I have a few hundred thousand very small .dat.gz
files that I want to read into R in the most efficient way possible. I read in the file and then immediately aggregate and discard the data, so I am not worried about managing memory as I get near the end of the process. I just really want to speed up the bottleneck, which happens to be unzipping and reading in the data.
Each dataset consists of 366 rows and 17 columns. Here is a reproducible example of what I am doing so far:
Building reproducible data:
require(data.table)
# Make dir
system("mkdir practice")
# Function to create data
create_write_data <- function(file.nm) {
dt <- data.table(Day=0:365)
dt[, (paste0("V", 1:17)) := lapply(1:17, function(x) rnorm(n=366))]
write.table(dt, paste0("./practice/",file.nm), row.names=FALSE, sep="\t", quote=FALSE)
system(paste0("gzip ./practice/", file.nm))
}
And here is code applying:
# Apply function to create 10 fake zipped data.frames (550 kb on disk)
tmp <- lapply(paste0("dt", 1:10,".dat"), function(x) create_write_data(x))

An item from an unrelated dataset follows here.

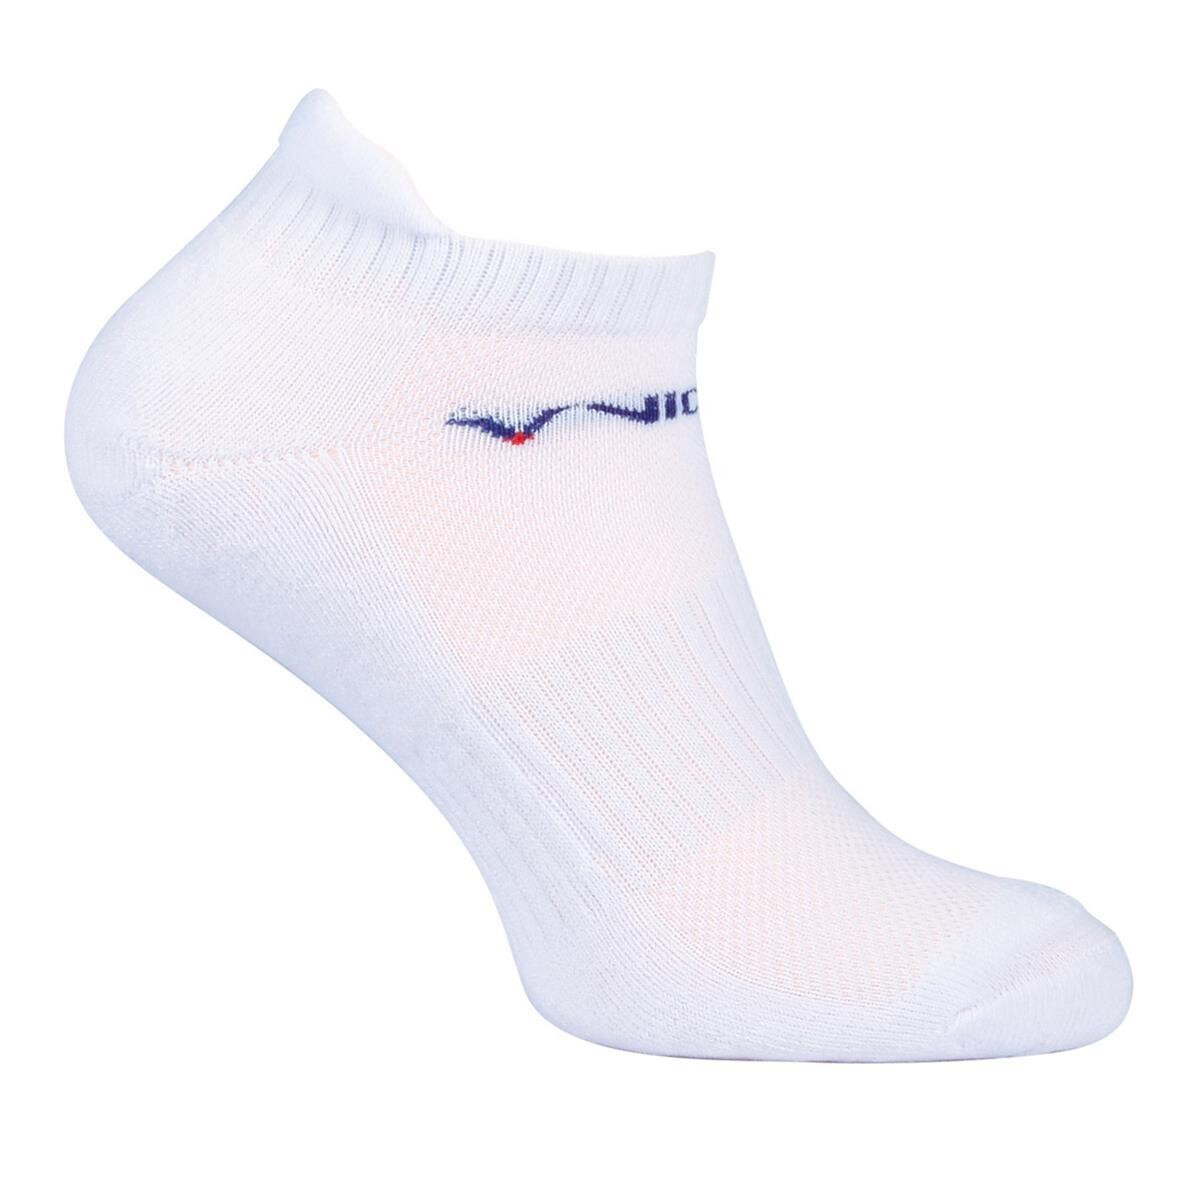 Victor Sneaker Sock White - 2 Pack
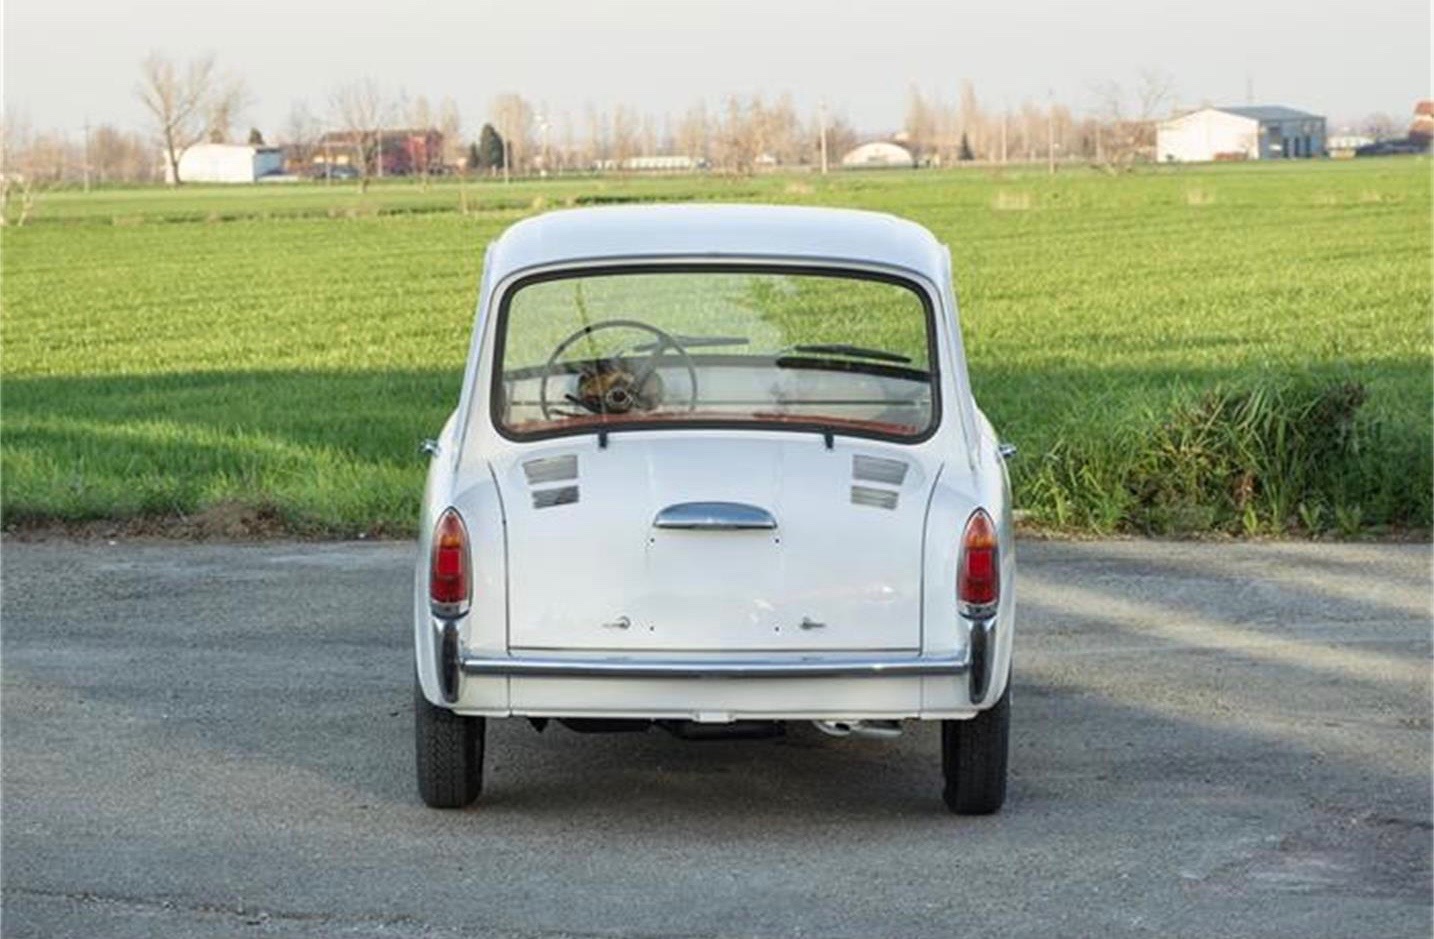 1964 Autobianchi, Italian job: Restored and micro-sized Autobianchi Bianchina, ClassicCars.com Journal

And here is my most efficient code so far to read in the data:
# Function to read in files as fast as possible
read_Fast <- function(path.gz) {
system(paste0("gzip -d ", path.gz)) # Unzip file
path.dat <- gsub(".gz", "", path.gz)
dat_run <- fread(path.dat)
}
# Apply above function
dat.files <- list.files(path="./practice", full.names = TRUE)
system.time(dat.list <- rbindlist(lapply(dat.files, read_Fast), fill=TRUE))
dat.list
I have bottled this up in a function and applied it in parallel, but it is still much much too slow for what I need this for.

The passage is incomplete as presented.